Pero este año me he hecho uno, muy obsesivo, pero bueno, es un propósito al fin y al cabo. En 2016 comencé a apuntar todos los libros que leía, y el día 30 los conté. 31 en todo el año. Parece una tontería, pero creía que iban a ser muchos más y quedé un tanto decepcionada conmigo misma. 

Así que me hice uno, muy típico: leer más. Pero no leer más a secas, sino leer mejor; es decir, desembarazarme sin tapujos de aquellos libros que me aburran, a los que me cueste engancharme; no sentirme obligada a acabarlos; devolverlos sin remordimientos a su sitio en la estantería o en la biblioteca.
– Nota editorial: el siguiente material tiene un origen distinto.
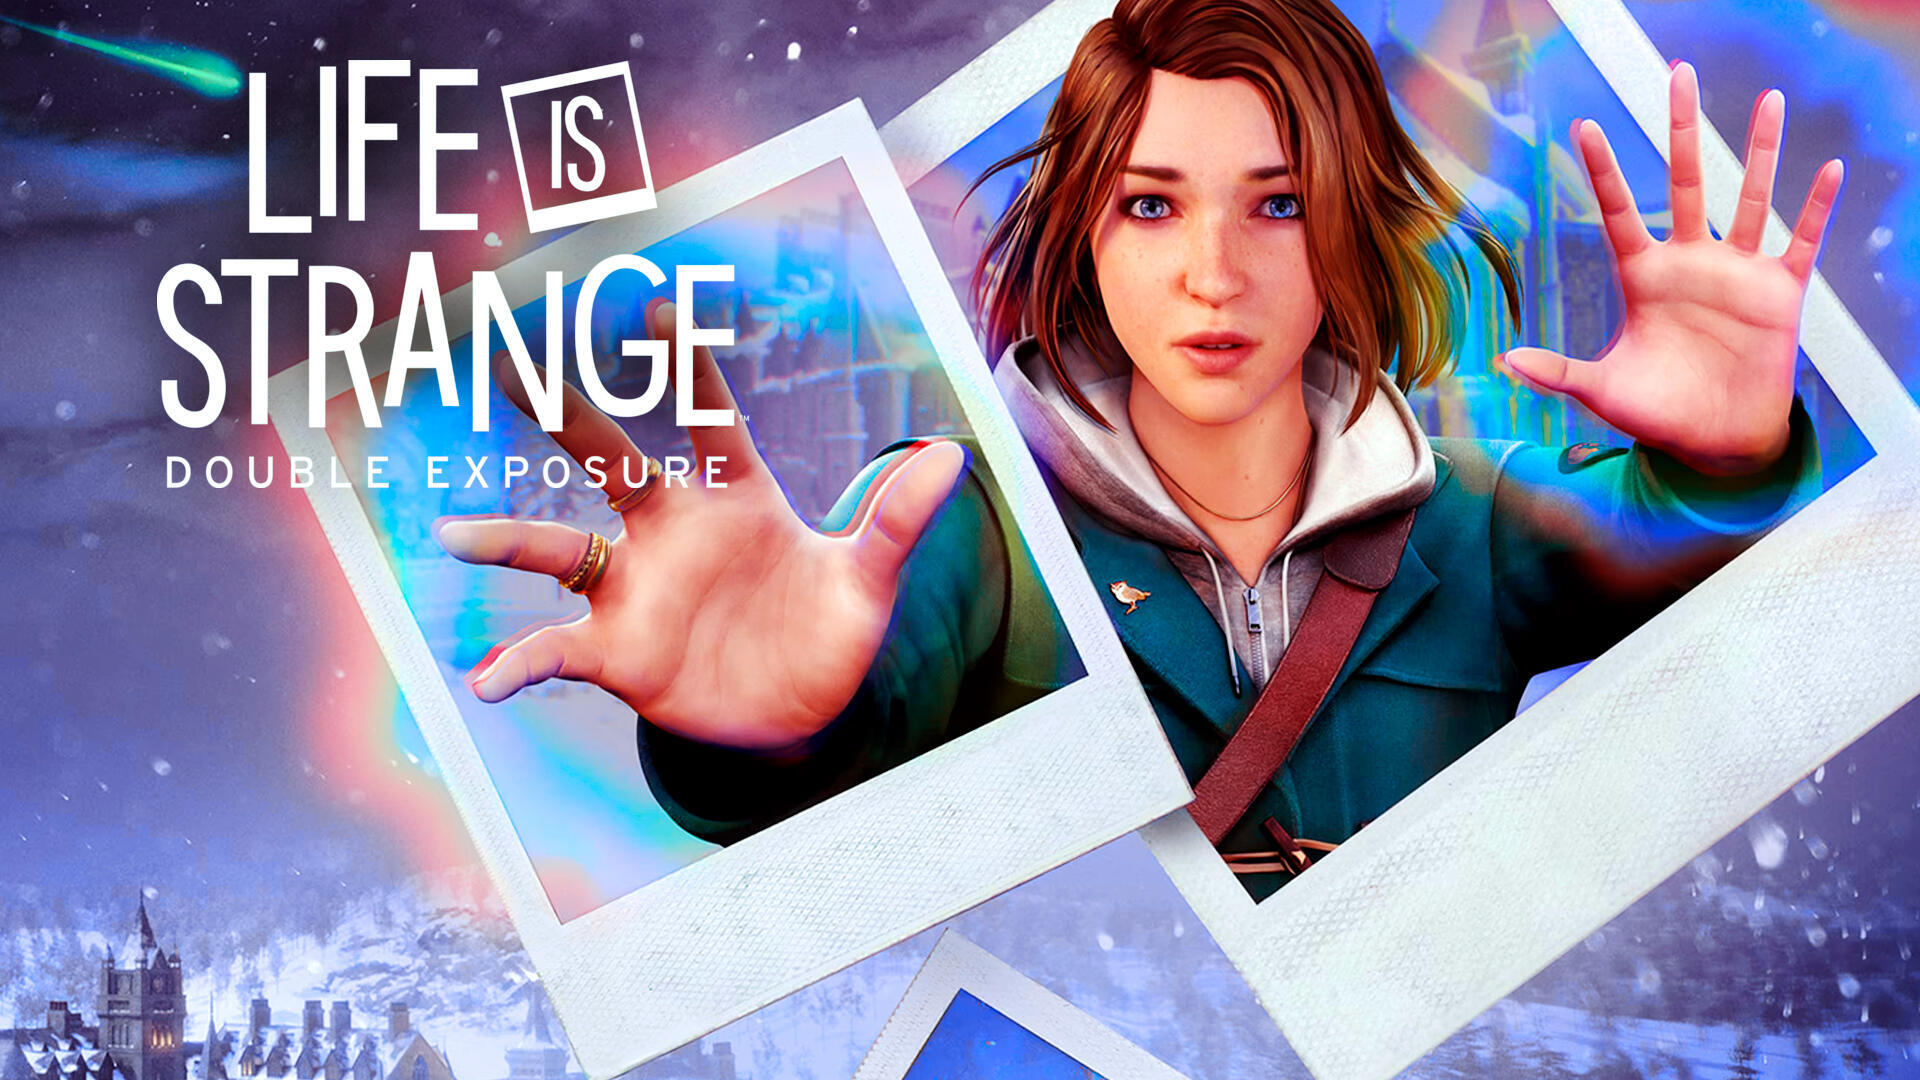 Misterio, drama y un retorno muy esperado: Así es Life is Strange: Double Exposure, la secuela del juego original
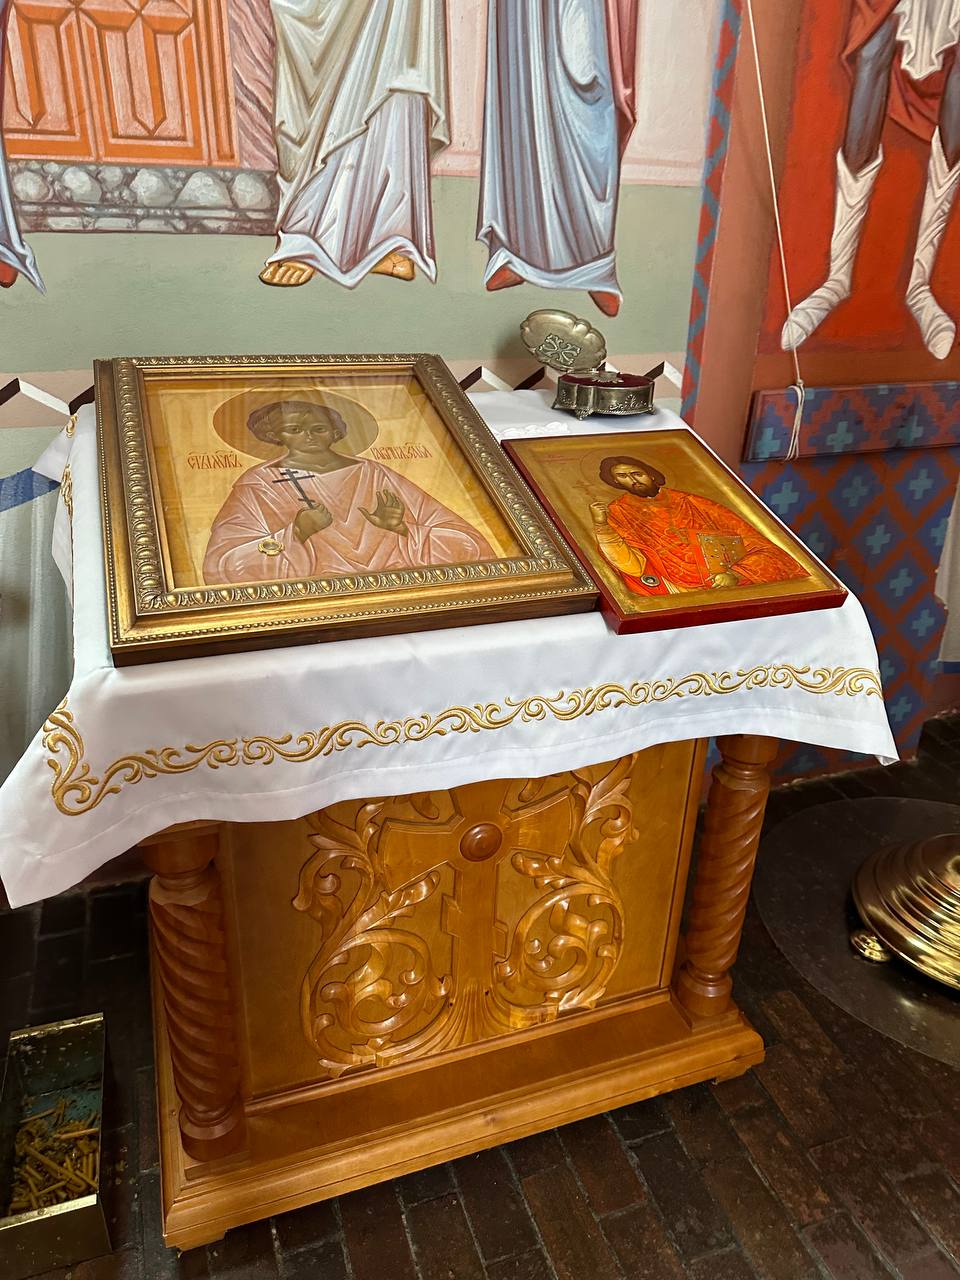 Польская православная церковь во Вроцлаве: эксклюзивный фоторепортаж изнутри - фото 9

Y es que la mayoría de nosotros, los lectores, tenemos una extraña manía a acabar cada libro que empezamos sea como sea. ¿Por qué? Con todos los libros maravillosos que hay esperándonos... Nunca más, me dije. 

Y entonces me di cuenta que mis propósitos (que aunque no los hago, inconscientemente todos los tenemos ahí) son siempre “más”: leer más, ver más cine, ver más series, viajar más, amar más, conocer más, caminar más. Saber más. Vivir más. ¿Quién no va a cumplir un propósito así?